Twenty years and Pivec and Gates were a tandem with tremendous success at MCTC. The men’s and women’s programs were dropped in 2010. The Student Senate wanted to put the funds for basketball elsewhere and school President Phil Davis was the willing executioner for the programs.
Jay Pivec gives instructions during practice in 2009, the last year Minneapolis Community and Technical College offered basketball. (Marlin Levison/Minnesota Star Tribune file)

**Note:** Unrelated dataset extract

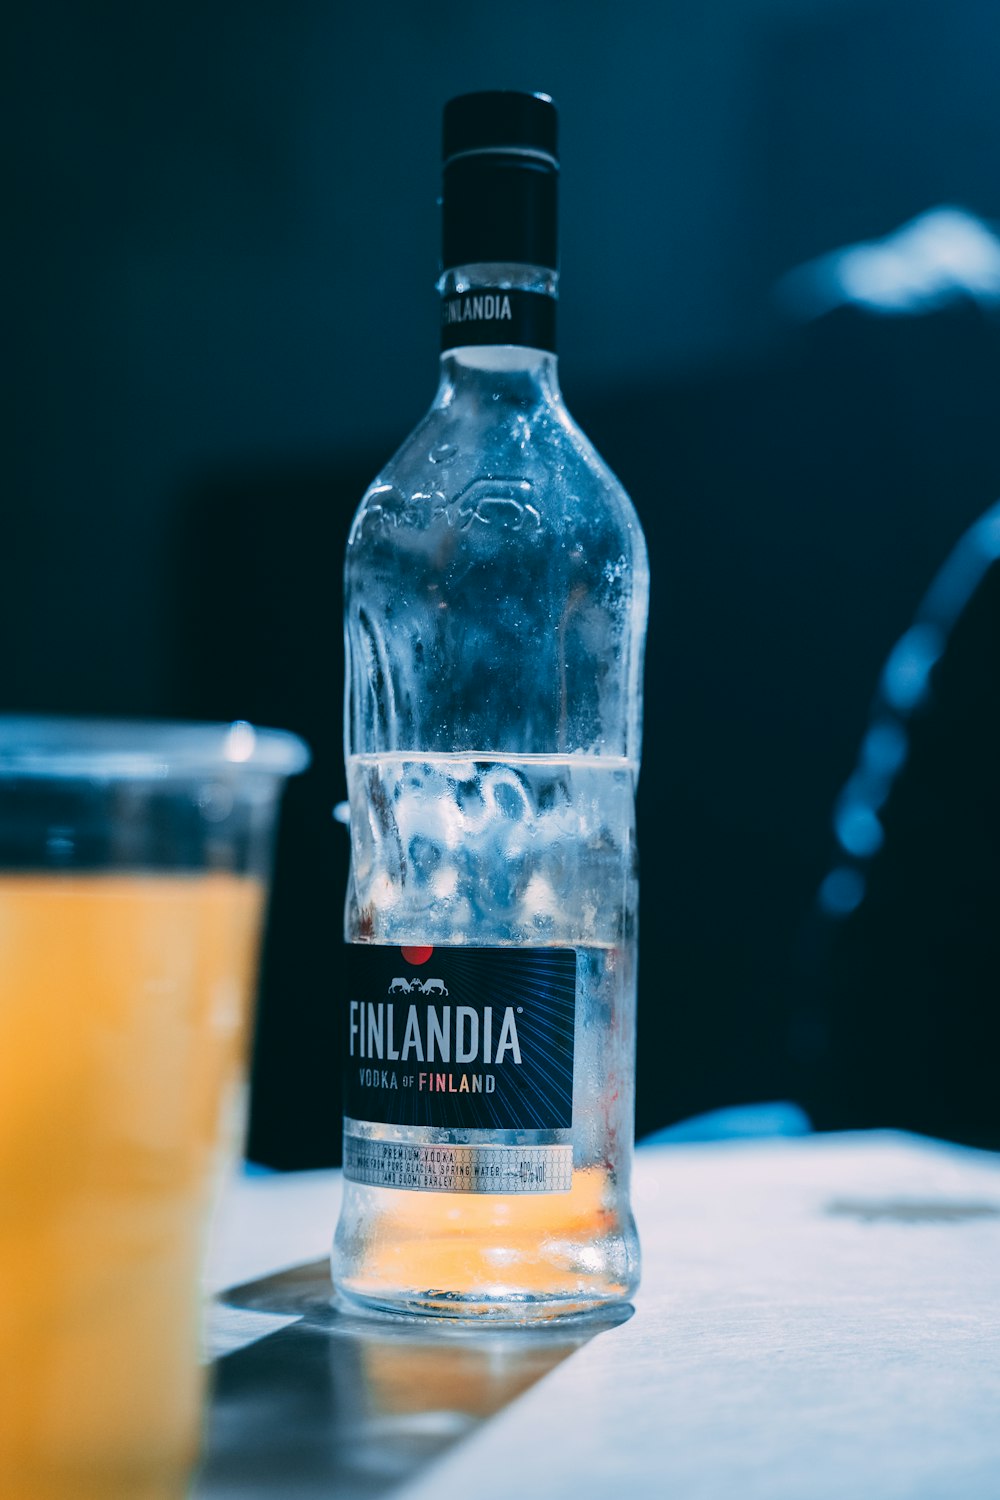 Finlandia bottle on white surface
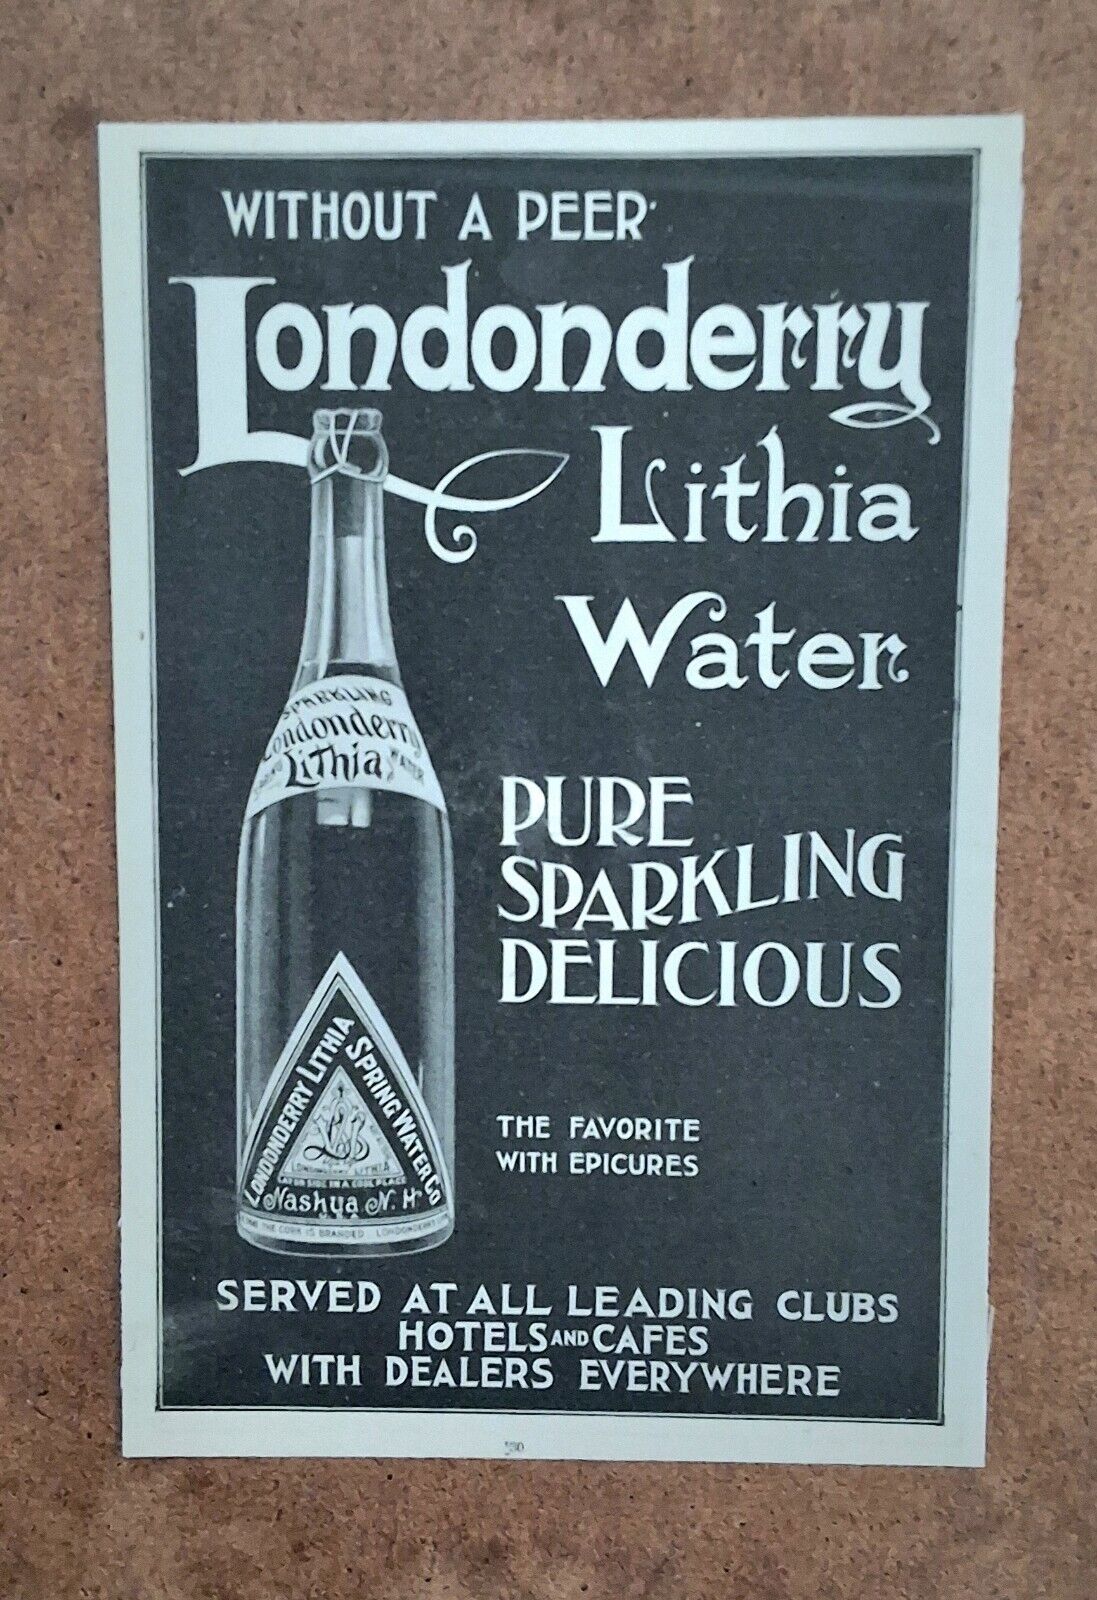 Antique Londonderry Sparkling Lithia Bottle Water - 1899-1903 Art AD LOT Decor

He has now written a memoir, “The Book of Piv,” 173 pages and self-published. There are sure to be many wonderful tales, but this quirky fact — happened upon Friday when trying to contact Gates — was a prizewinner in my opinion:
In the early ‘90s, a sales person for these new gizmos called cellphones walked into the gym. Pivec and Gates each bought one. They were given consecutive numbers … and neither has changed. Piv ends in 6, Ron in 7, that’s it.
“Let me tell you this,” Gates said. “I grew up in New York, playing basketball on a playground with one court in Queens. I was coached by Marvin Kessler, a legend of New York basketball. He was famous for his lectures at the Five-Star Basketball Camp, which really started it all for the summer camp world.